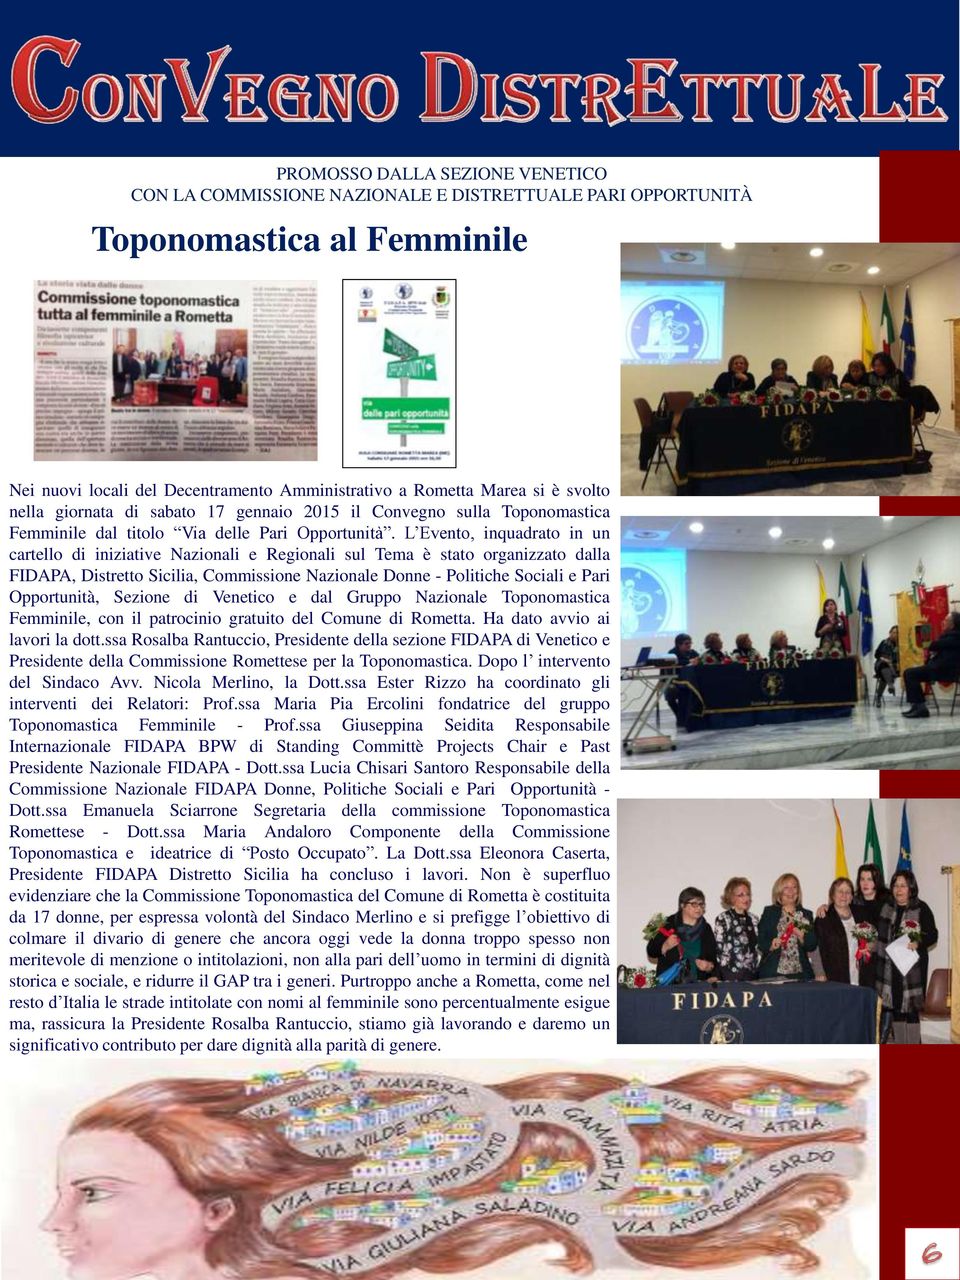 L Evento, inquadrato in un cartello di iniziative Nazionali e Regionali sul Tema è stato organizzato dalla FIDAPA, Distretto Sicilia, Commissione Nazionale Donne - Politiche Sociali e Pari
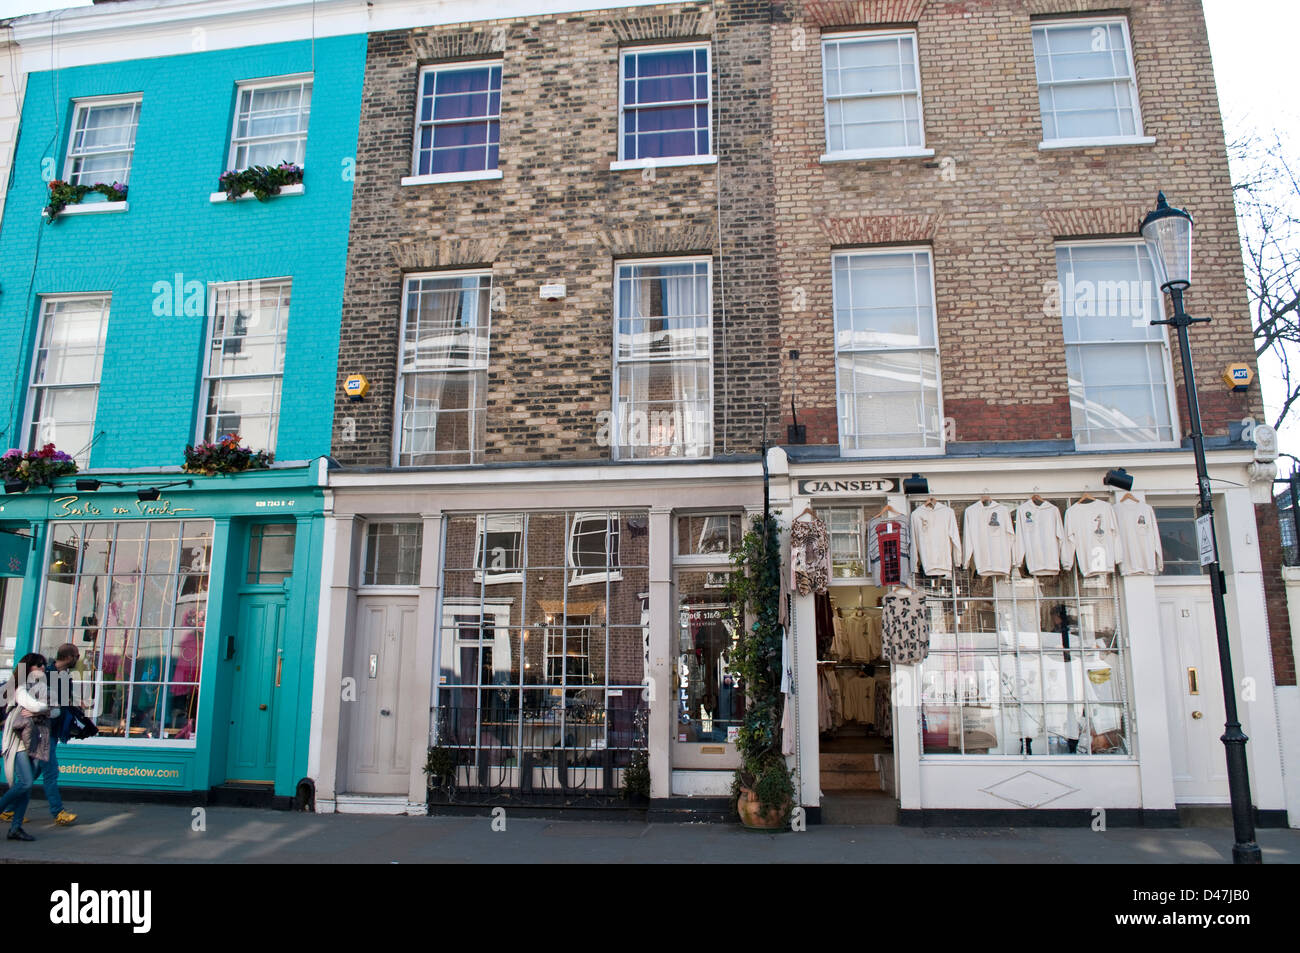 Chambre et boutique, Portobello Road, Notting Hill, London, W11, UK Banque D'Images
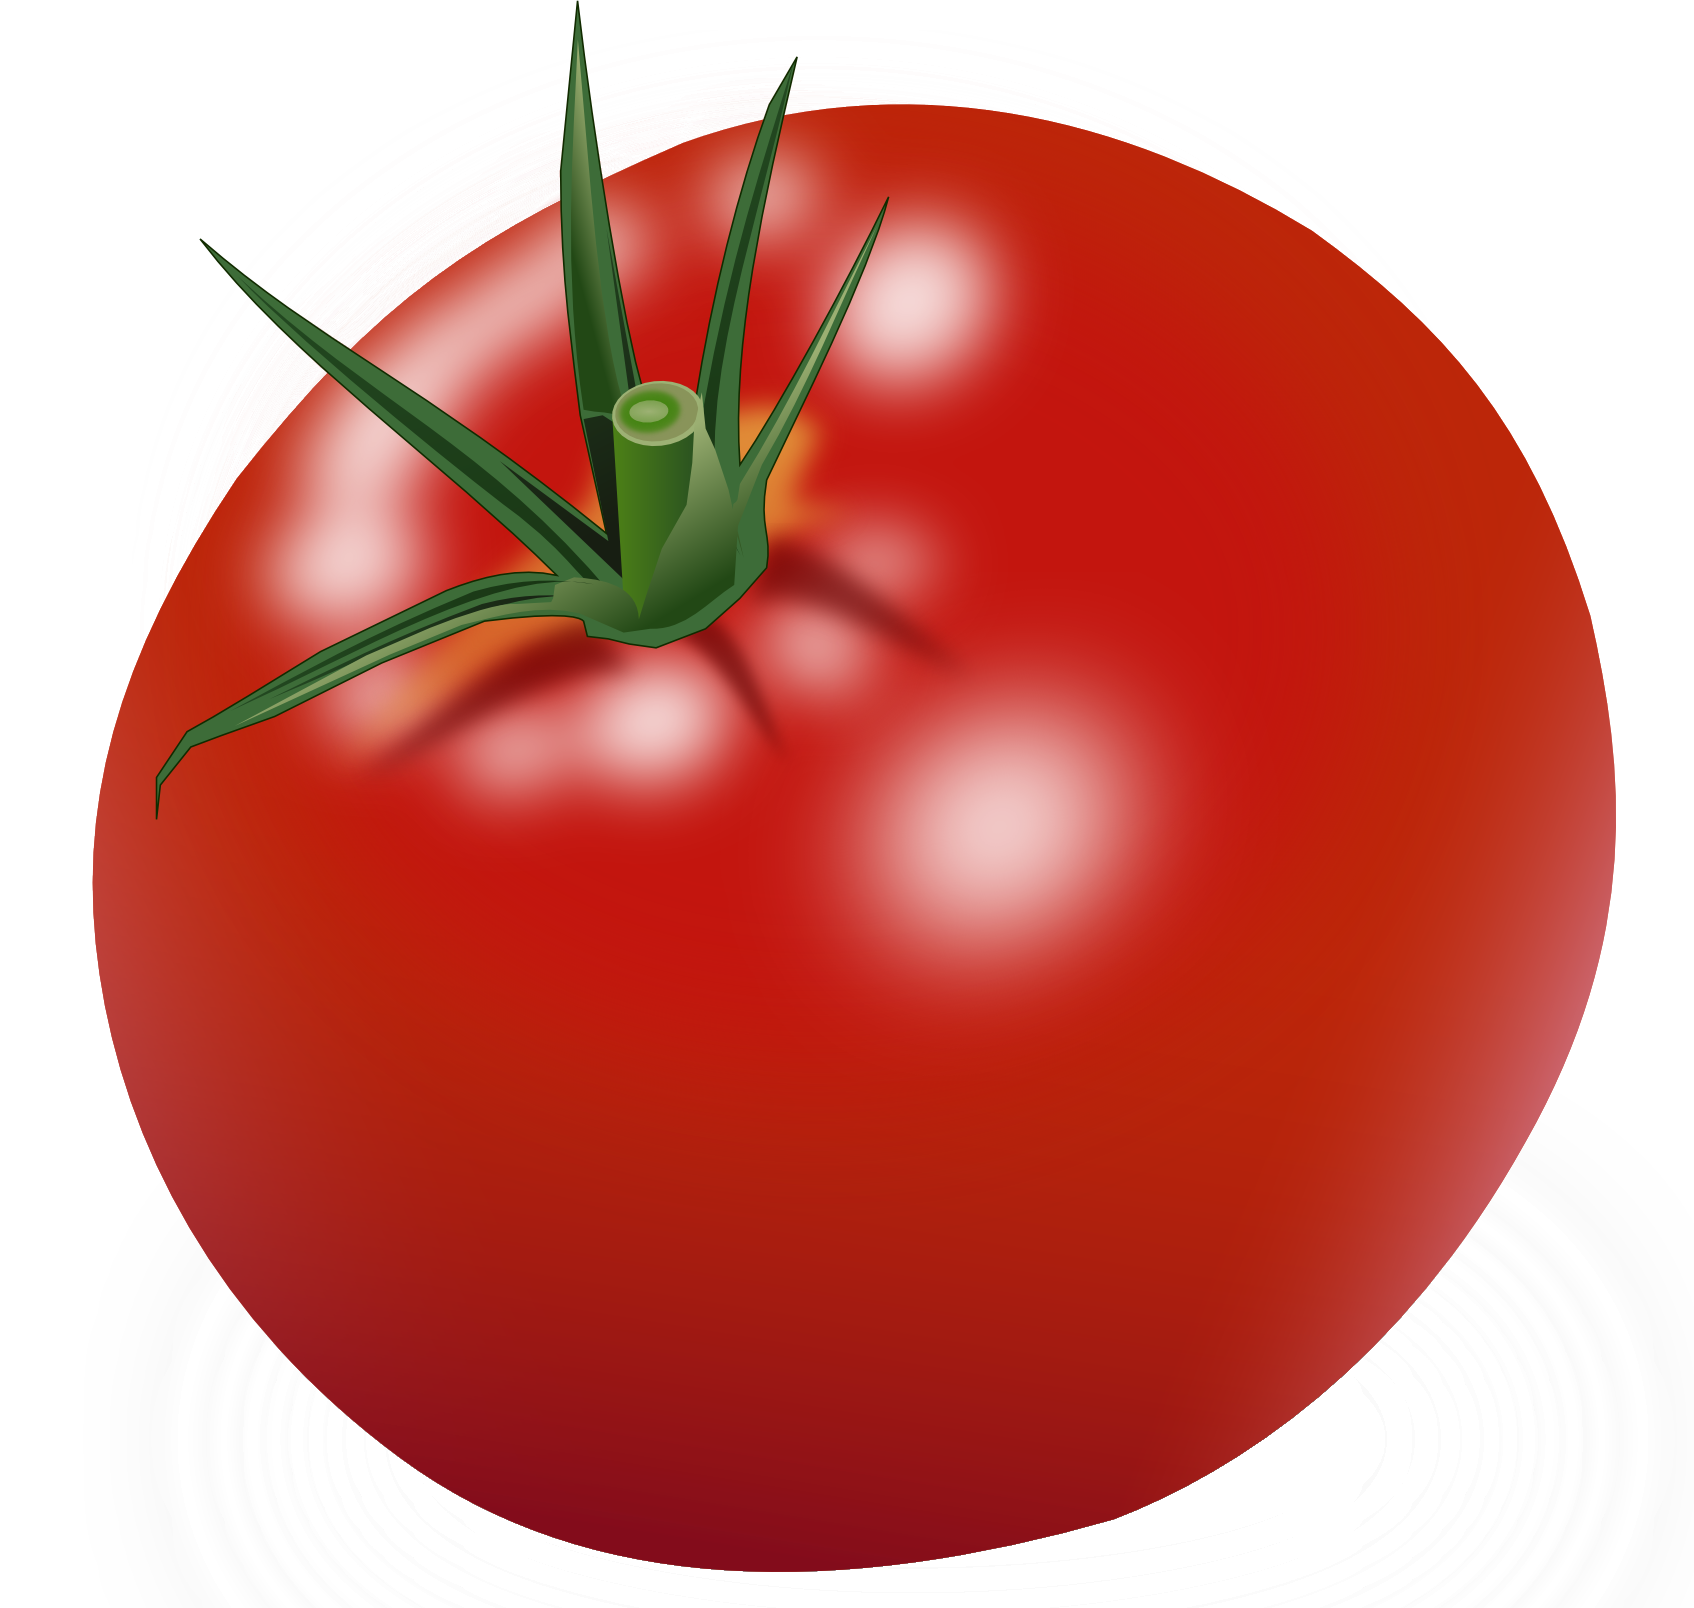 Tomat merah besar

YOUR INSTRUCTIONS. In your copy of the listing, please omit the pictures and keep every word exact.

REPLY.
 L Evento, inquadrato in un cartello di iniziative Nazionali e Regionali sul Tema è stato organizzato dalla FIDAPA, Distretto Sicilia, Commissione Nazionale Donne - Politiche Sociali e Pari
 Chambre et boutique, Portobello Road, Notting Hill, London, W11, UK Banque D'Images
 Tomat merah besar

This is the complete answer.